*ABOUT THIS TASK*.
Using the records that appear below, write out exactly the lines from the one with "château du sailhant" through the one with "Big Minion in", keeping both end lines.

*PROVIDED RECORDS*.
▬▬▬▬▬▬▬▬▬▬
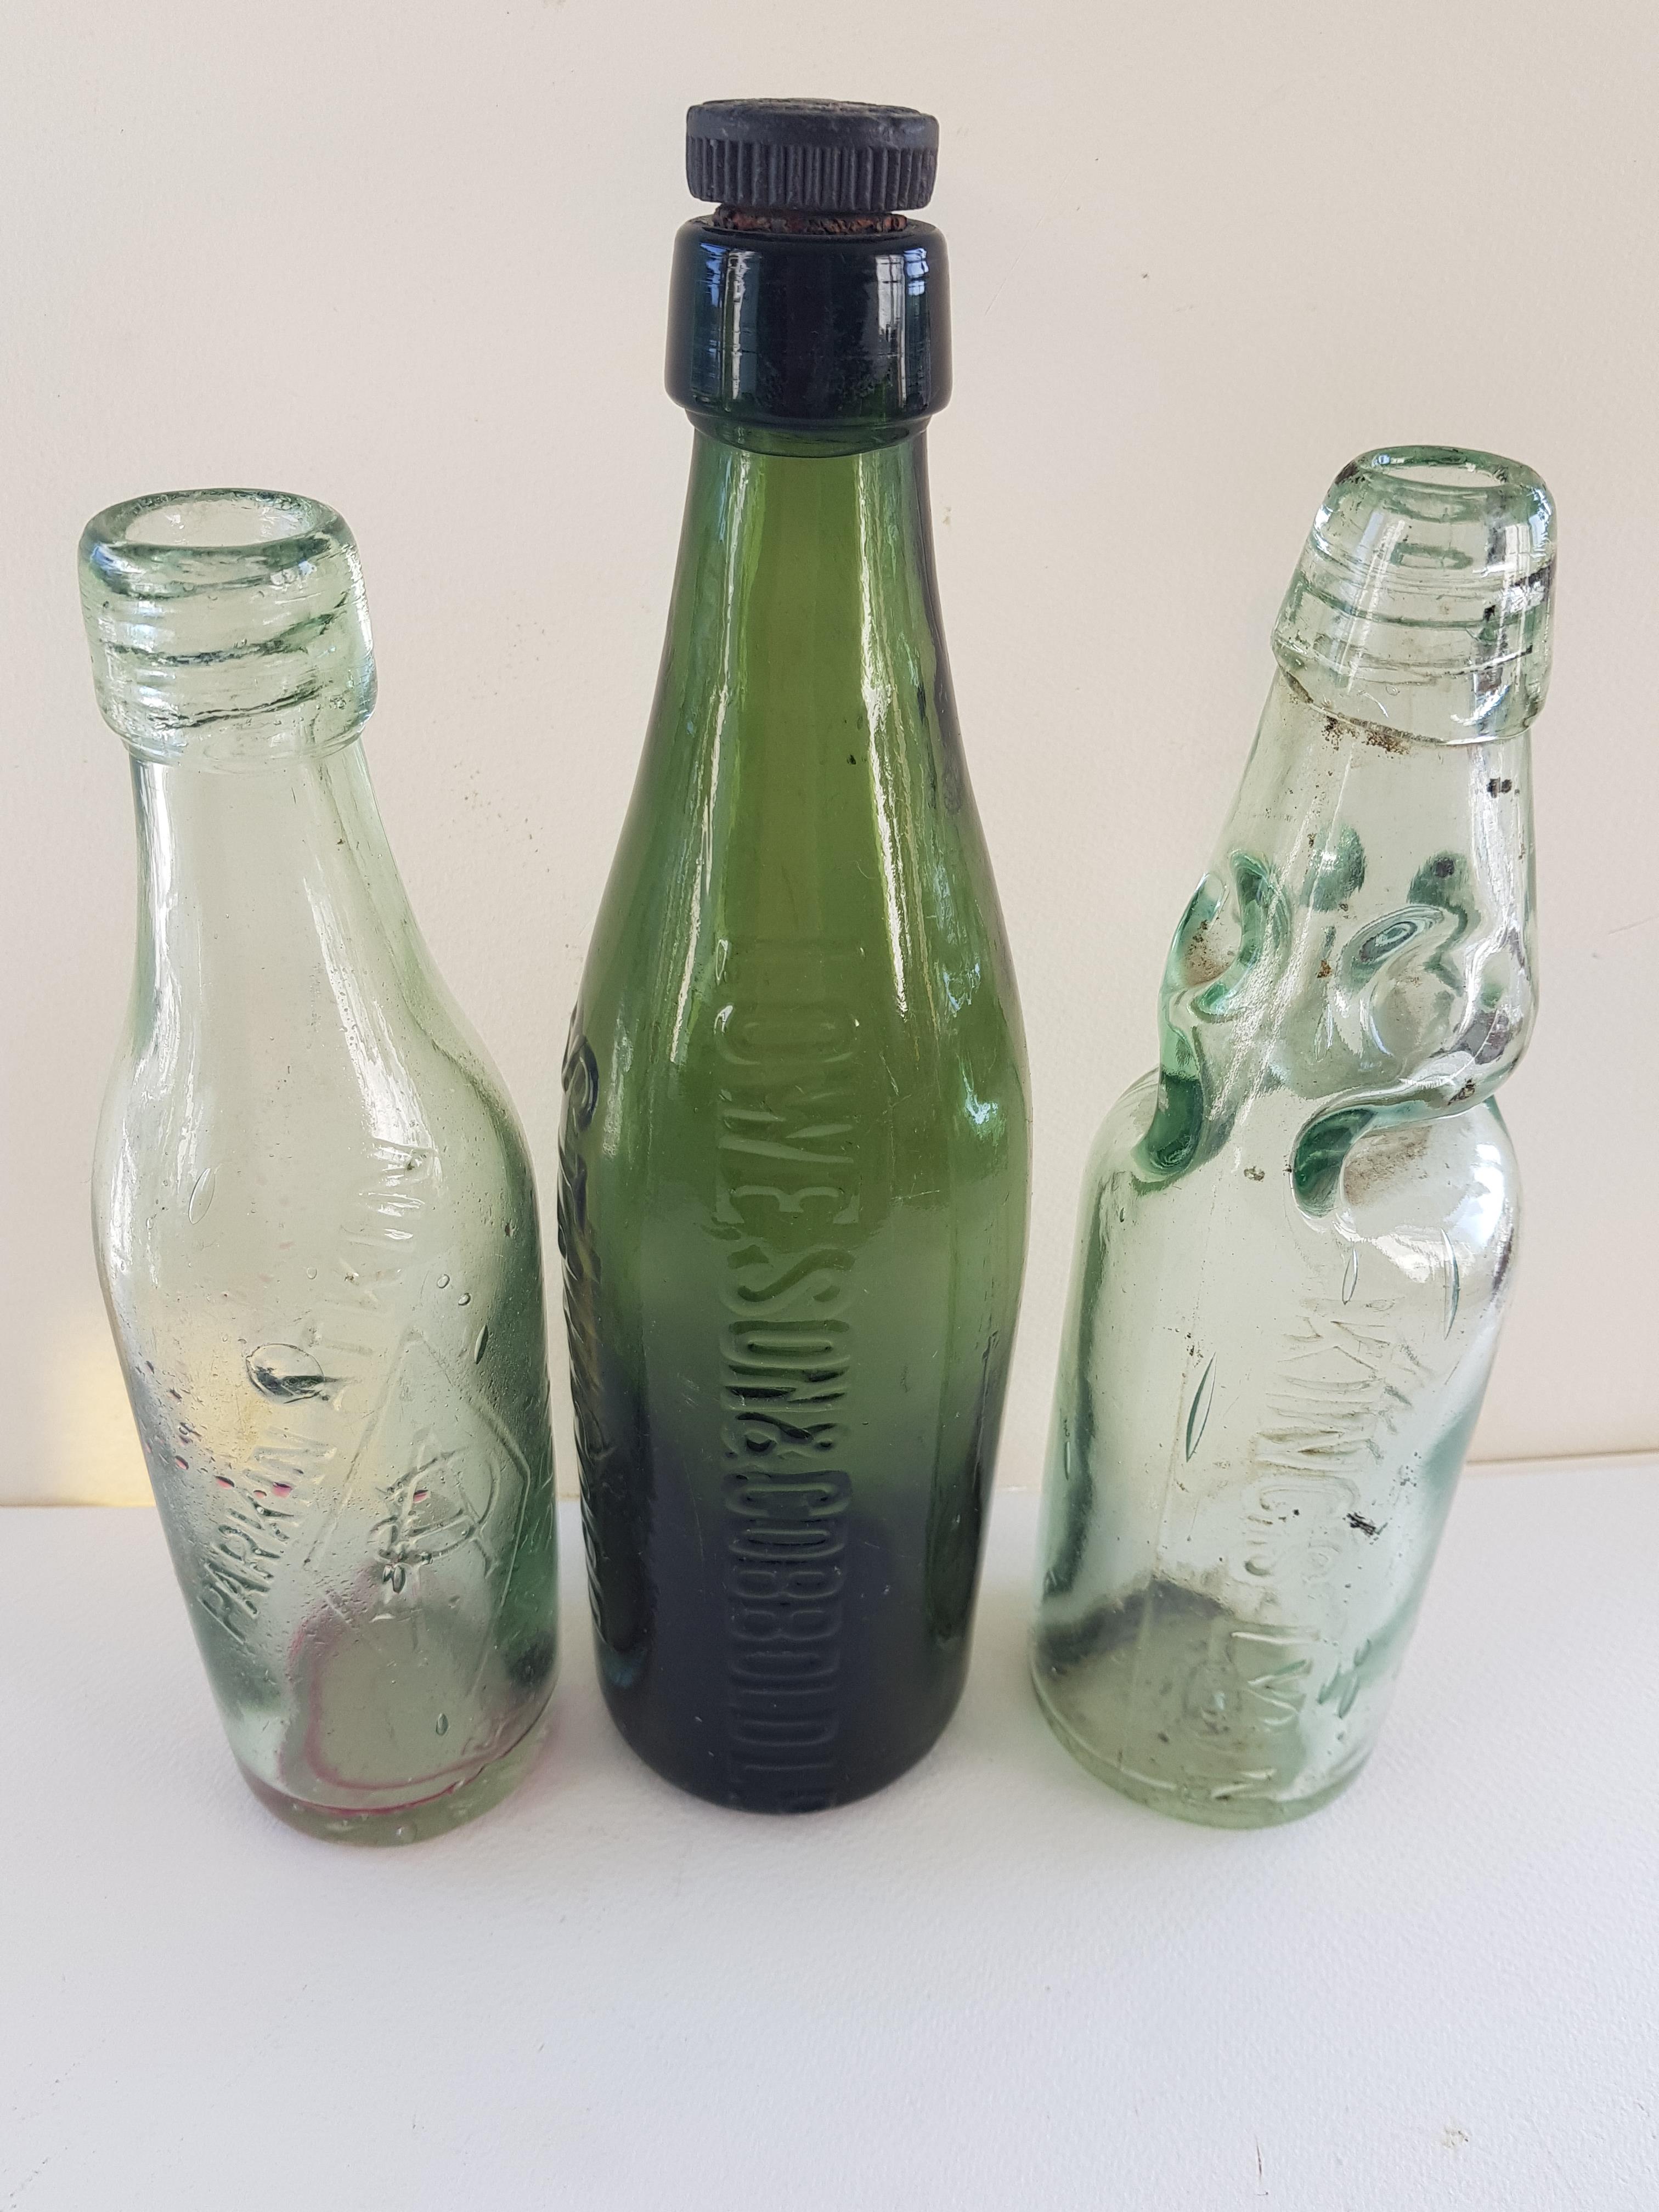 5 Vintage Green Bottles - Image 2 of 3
▬▬▬▬▬▬▬▬▬▬
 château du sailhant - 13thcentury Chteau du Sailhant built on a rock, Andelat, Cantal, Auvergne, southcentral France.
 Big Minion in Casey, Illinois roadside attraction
▬▬▬▬▬▬▬▬▬▬
*WRITTEN SOLUTION*.
 château du sailhant - 13thcentury Chteau du Sailhant built on a rock, Andelat, Cantal, Auvergne, southcentral France.
 Big Minion in Casey, Illinois roadside attraction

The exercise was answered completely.